When asked why he hadn’t fixed all the leaks, he replied “I cannot do everything in one year, and the rags tell me what one to do next.” He had developed a system to determine which leaks to fix first using rags, counting and his experience. At the end of two years, his plant had the least (an improvement from having the most) downtime, lower off-stream times and lowest unscheduled maintenance.
This is what Jim Fitch called for in his column. Vernon used data from the jobsite, professional experience, a plan of execution designed from instrument data and observation. All of these resulted in lower operating costs and Vernon’s promotion to station manager.
Vernon’s simple procedure was the rag count, definitely not a high-tech instrument, but an accurate one. I wonder if Vernon smelled out problems.
Experienced automotive mechanics have developed their sensory skills. I use mine on-the-job every day.
The noises an automobile makes can reveal many tips to solving the problem: where to start looking, how serious the problem is and sometimes exactly what is wrong. It may seem hard for the general public and the lay mechanic to believe this, but it is true: Certain clicks, knocks, rattles and whines can bring up powerful remembrances of past challenges and their solutions.

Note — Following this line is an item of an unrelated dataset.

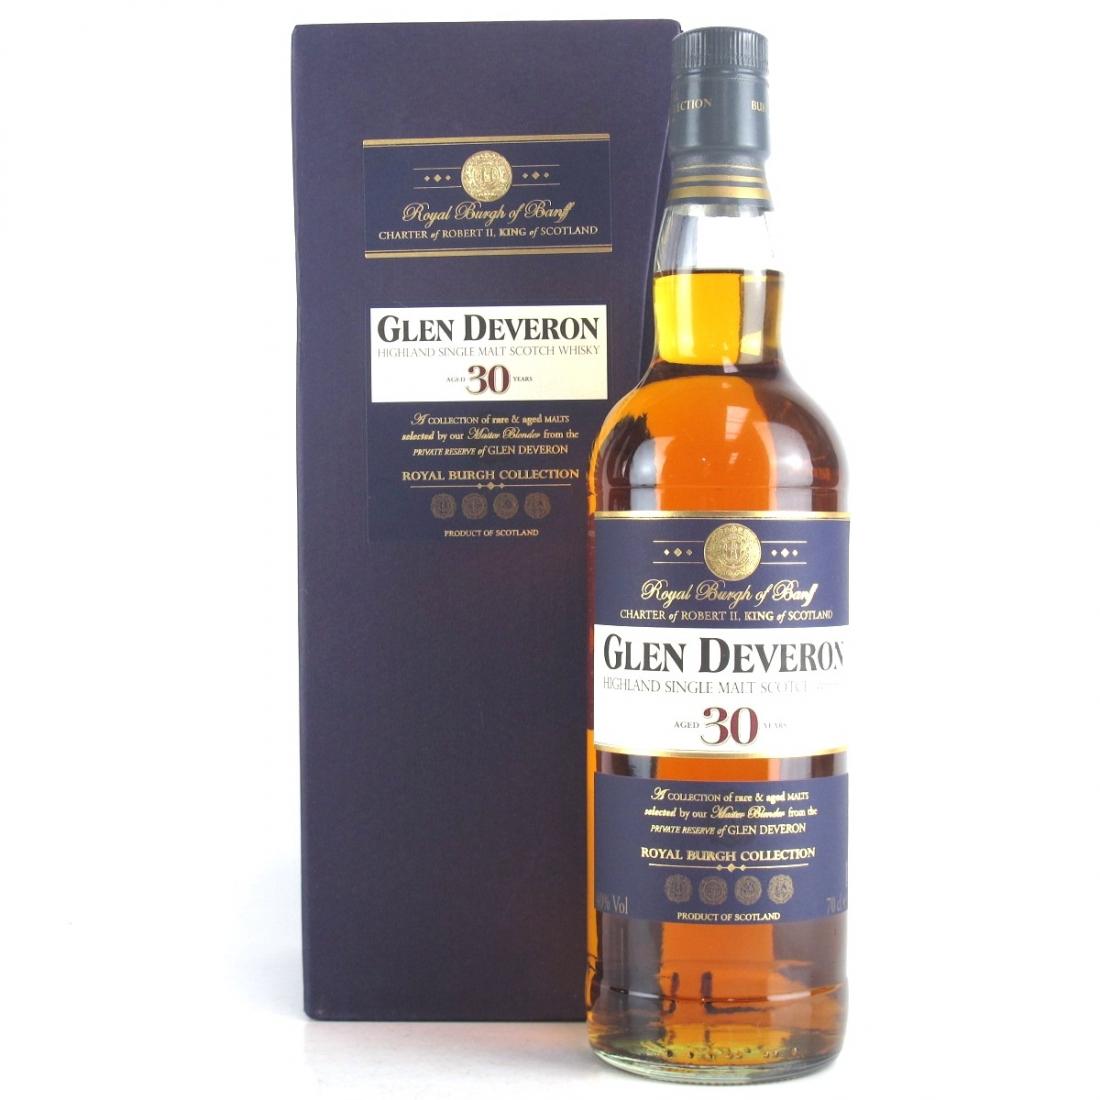 Glen Deveron 30 Year Old

In one of my prior columns entitled “Almost Burned” (Machinery Lubrication, September 2002), I referred to the burned transmission fluid. I knew it was burned because it both smelled and looked burned. I have a great recollection of the smells of a burned bearing, motor oil, belts and alternators.

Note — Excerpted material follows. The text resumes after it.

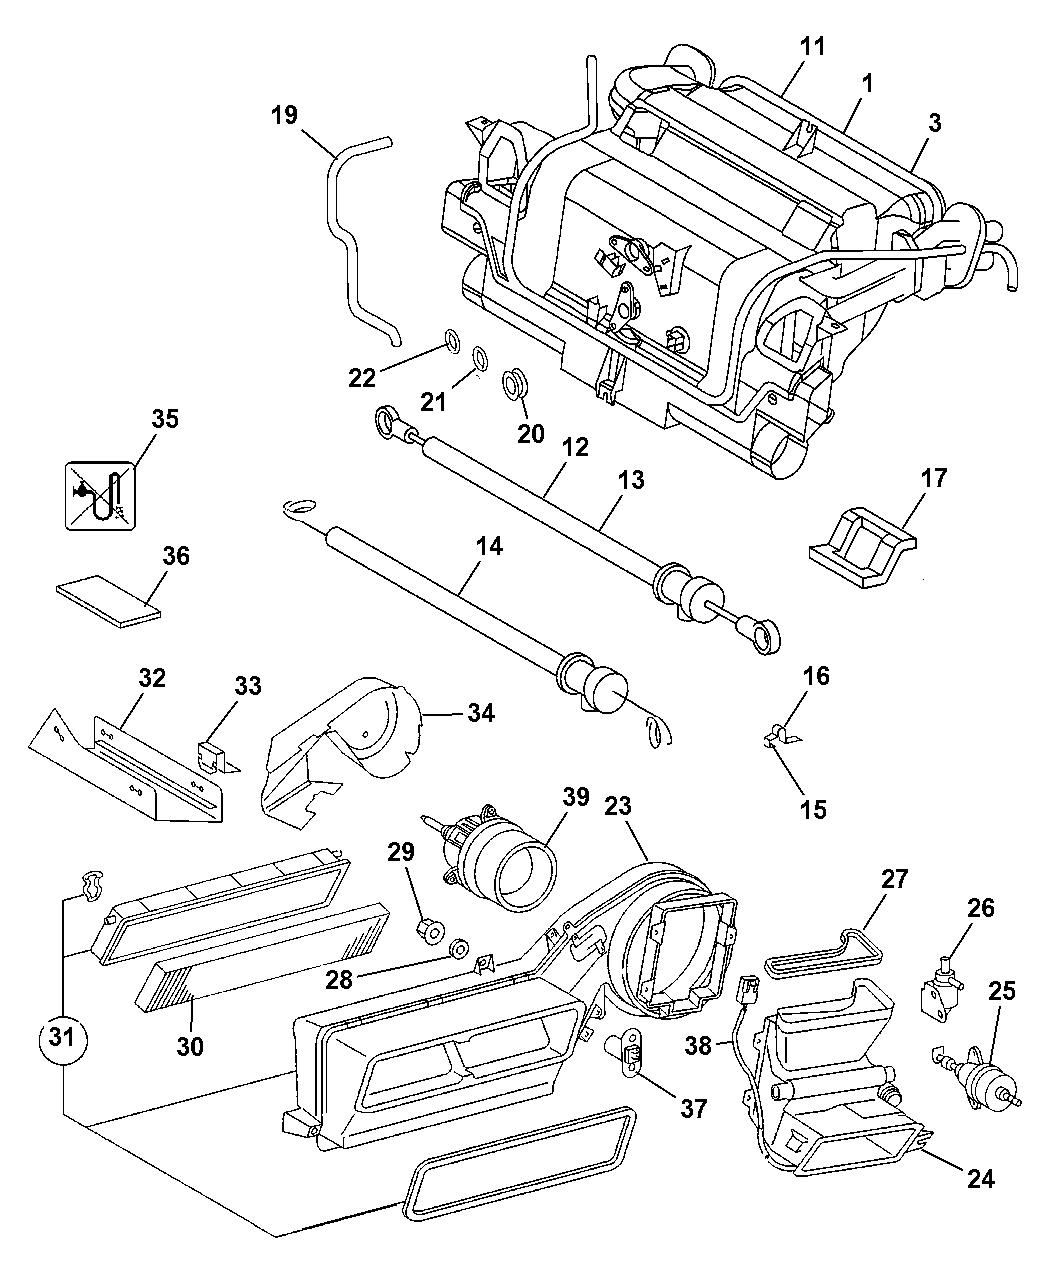 2005 Dodge Sprinter 2500 HEVAC Unit - Mopar Parts Giant

There is difference in the smells of motor oil, transmission fluid, brake fluid, coolant, and heavier lubrication oils and greases. They smell different - burned or not.
If a customer complains of no power, low gas mileage and a strange smell emanating from his vehicle, the first thing I do is touch each wheel and smell it at the same time. I am looking for a sticking brake.
If a customer claims his tailpipe is smoking, I ask what color? Different colors of smoke define different failures. Examples include:
White smoke
Water/blown gasket or cracked heads, usually serious trouble
Gray/blue smoke
Oil/ burned pistons, or cylinder head leakage
Black smoke
Engine running too rich, computer or injector trouble
White smoke on diesel
Running rich, same as black on gas engine
Black smoke on diesel
Normal function, usually no problem
Long before we had sophisticated instruments to determine the source of car trouble, we relied upon what was given to us. Our senses remain an important part of our diagnostic tools today.
Reference
Fitch, Jim. “Wanted: Lubrication Management Professionals.” Machinery Lubrication magazine. November 2002.